Adopting your notation for the null eigenstate of the momentum operator, $\hat p|0\rangle=0$, you may readily identify it as Dirac's celebrated standard ket, through which he defines his bra-ket formalism in Ch III.20 of his textbook. But, since $\langle p|0\rangle=\delta(p)$, your hyper-localized state has infinite norm, "$\delta(0)$". You may, if you wished, approximate it as the limit of a suitably normalized Gaussian in momentum space, as its width goes to zero. (Intelligent squeezed coherent states. )
- Note it is translationally invariant, since the exponential of the momentum operator acting on it amounts to one.

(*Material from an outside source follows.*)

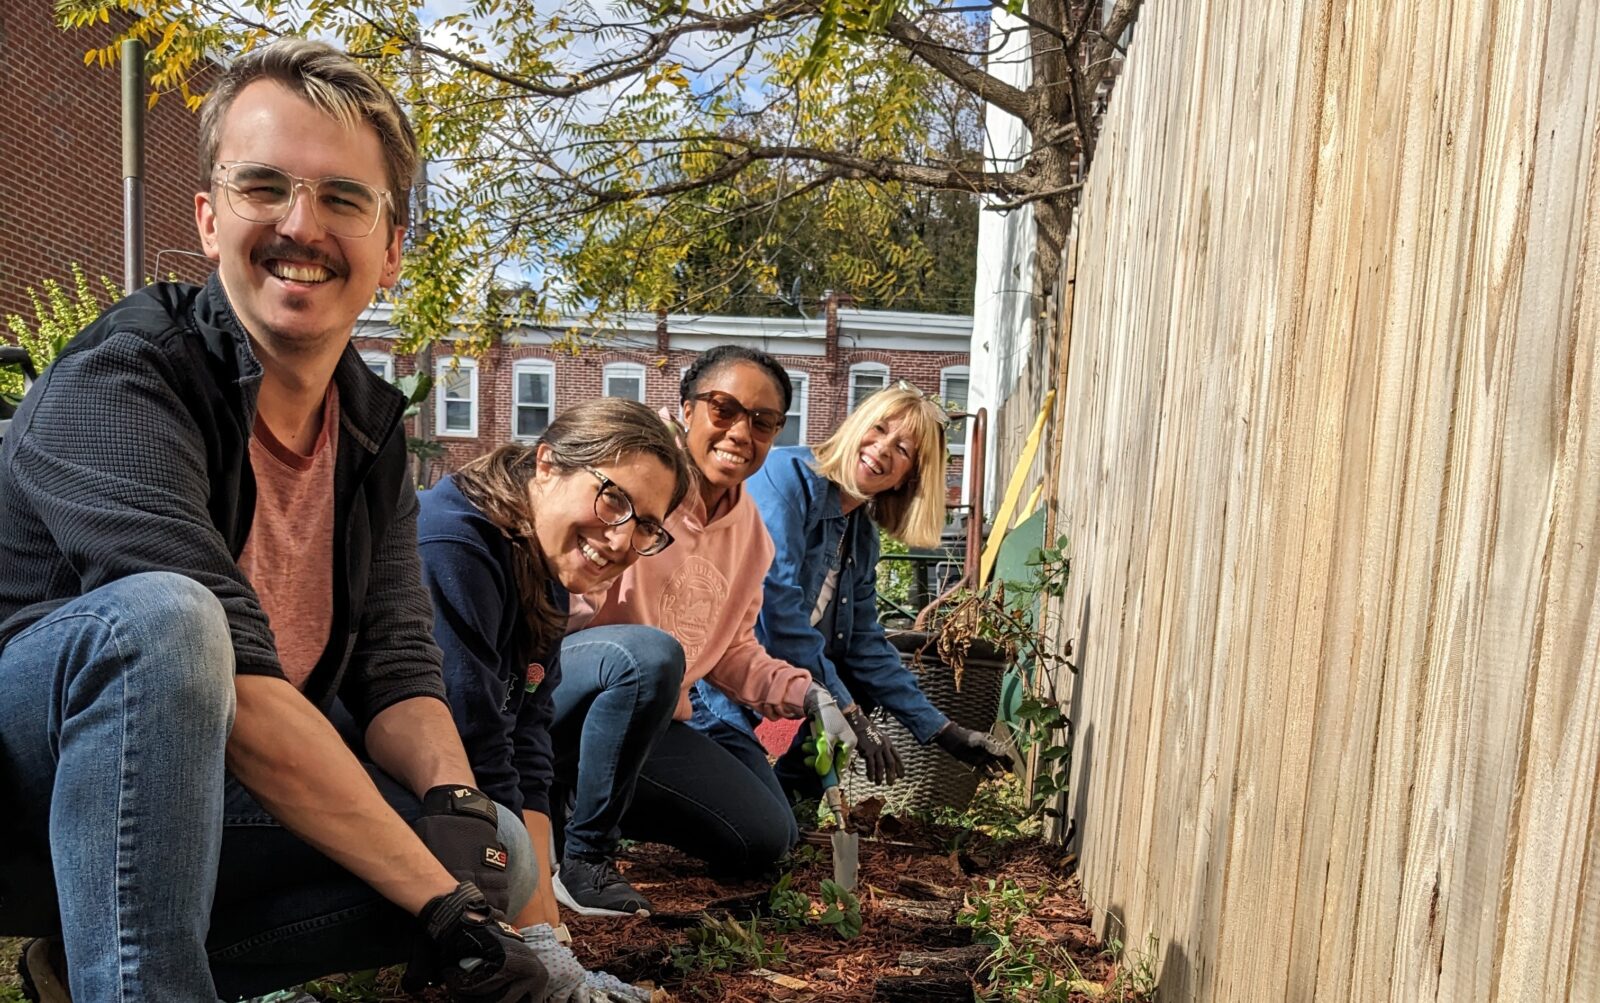 Four people squat down to the ground and plant seedlings in a garden bed. They are facing the camera and smiling.

The x-space wavefunction of it is a plane-wave of zero momentum, so, then, a constant, $\langle x|0\rangle= 1/\sqrt{2\pi \hbar}$, everywhere in space; also unnormalizable, and terminally delocalized: a flatline, translationally invariant. In your Gaussian approximation, it would be a "Gaussian" with infinite width.
But you may translate this state in momentum space by acting on it with the exponential of the position operator,
$$ \exp (ip\hat{x}/\hbar ) | 0\rangle = |p\rangle ,$$
and further define, with Dirac,
$$|x\rangle= \delta(\hat{x}-x) | 0\rangle \sqrt{2\pi \hbar} .$$
The uncertainty principle is fine as a freak limit, but you'd better reassure yourself with the Gaussians involving mutually inverse widths. As it stands, it is egregious nonsense, which should never have been written down,$\cancel{
\frac{\langle 0|\hat p^2 |0\rangle }{\langle 0|0\rangle } \frac{\int dx ~x^2 }{\int dx } }$. I didn't write this...